Mini Review ARTICLE
Covalently linked organic networks
- 1Engineering and Science, Jacobs University Bremen, Bremen, Germany
- 2Institute of Functional Interfaces (IFG), Karlsruhe Institute of Technology (KIT), Eggenstein-Leopoldshafen, Germany
In this review, we intend to give an overview of the synthesis of well-defined covalently bound organic network materials such as covalent organic frameworks, conjugated microporous frameworks, and other “ideal polymer networks” and discuss the different approaches in their synthesis and their potential applications. In addition we will describe the common computational approaches and highlight recent achievements in the computational study of their structure and properties. For further information, the interested reader is referred to several excellent and more detailed reviews dealing with the synthesis (Dawson et al., 2012; Ding and Wang, 2013; Feng et al., 2012) and computational aspects (Han et al., 2009; Colón and Snurr, 2014) of the materials presented here.
Polymeric networks, with well-defined structures, can accommodate, interact with, and discriminate molecules, thereby leading to prominent applications. Indeed, due to the porous and robust nature of the frameworks as well as the chemical properties of the wall components, many of the materials have shown notable abilities for gas storage, gas separation, drug delivery, sensing, catalytic, and photovoltaic (Wan et al., 2008) applications (see Figure 1 for possible applications of organic polymer networks) (McKeown and Budd, 2010; Xiang and Cao, 2013).

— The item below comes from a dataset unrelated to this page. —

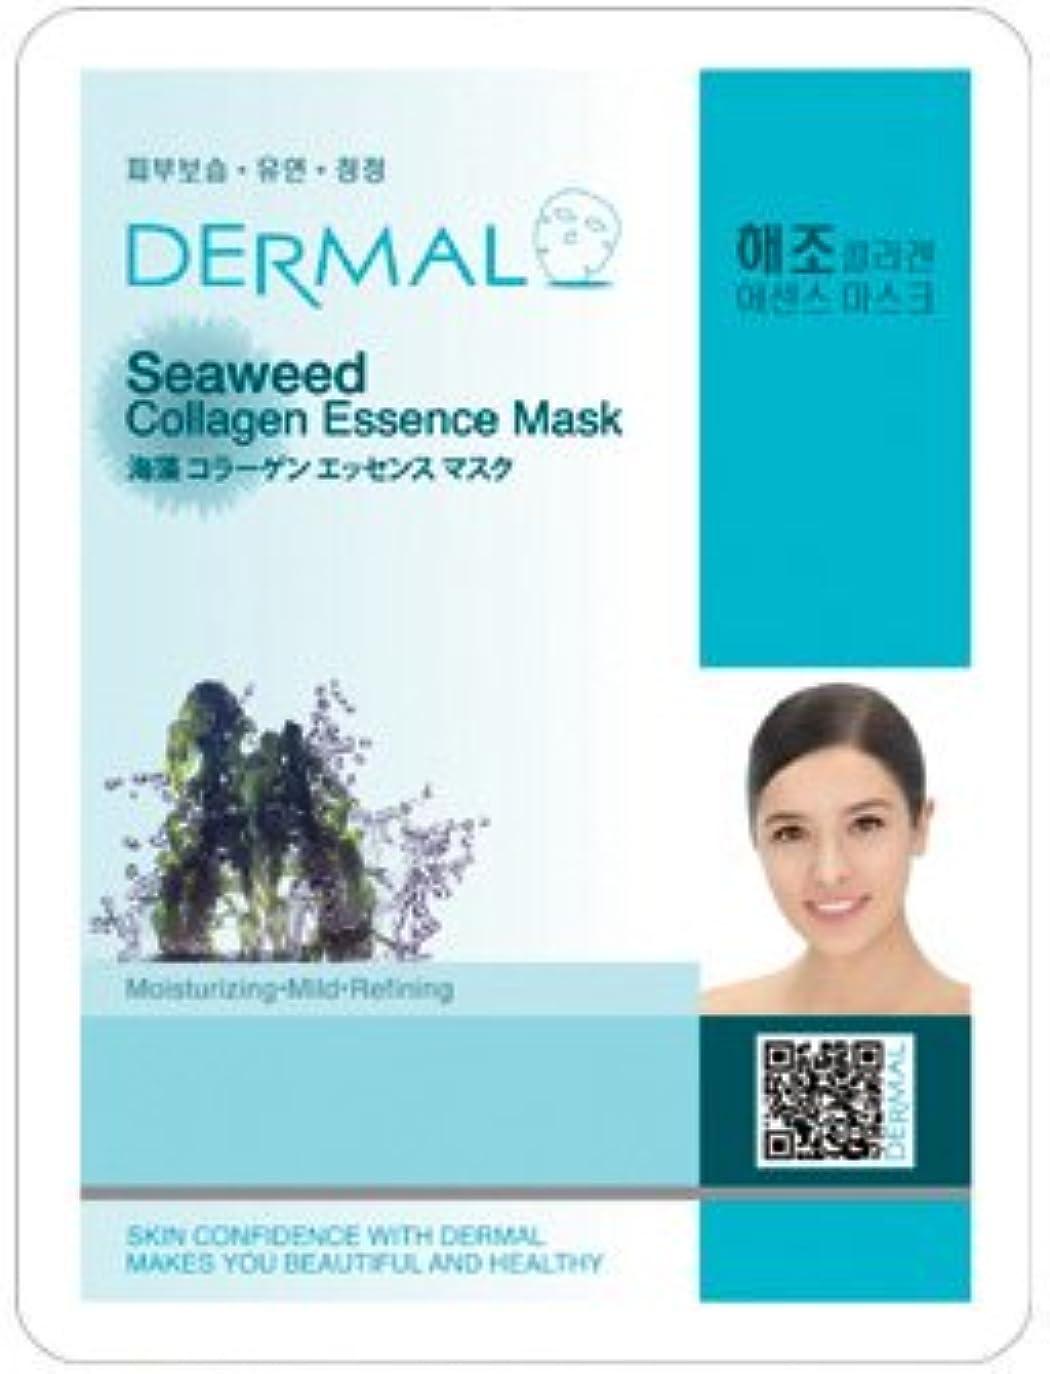 ヒロインレンド道徳のシートマスク 海藻 100枚セット ダーマル(Dermal) フェイス パック

The high potential of covalently linked organic networks for these selected applications originates from the combination of large surface are, the high variability in the design of the organic building blocks and the tunable pore sizes. Another important feature of most covalent organic networks is their high physicochemical stability, which enables their application even at high temperatures and under humid conditions. In the following paragraphs, we will highlight the specific features for the different applications and refer to selected example from the literature.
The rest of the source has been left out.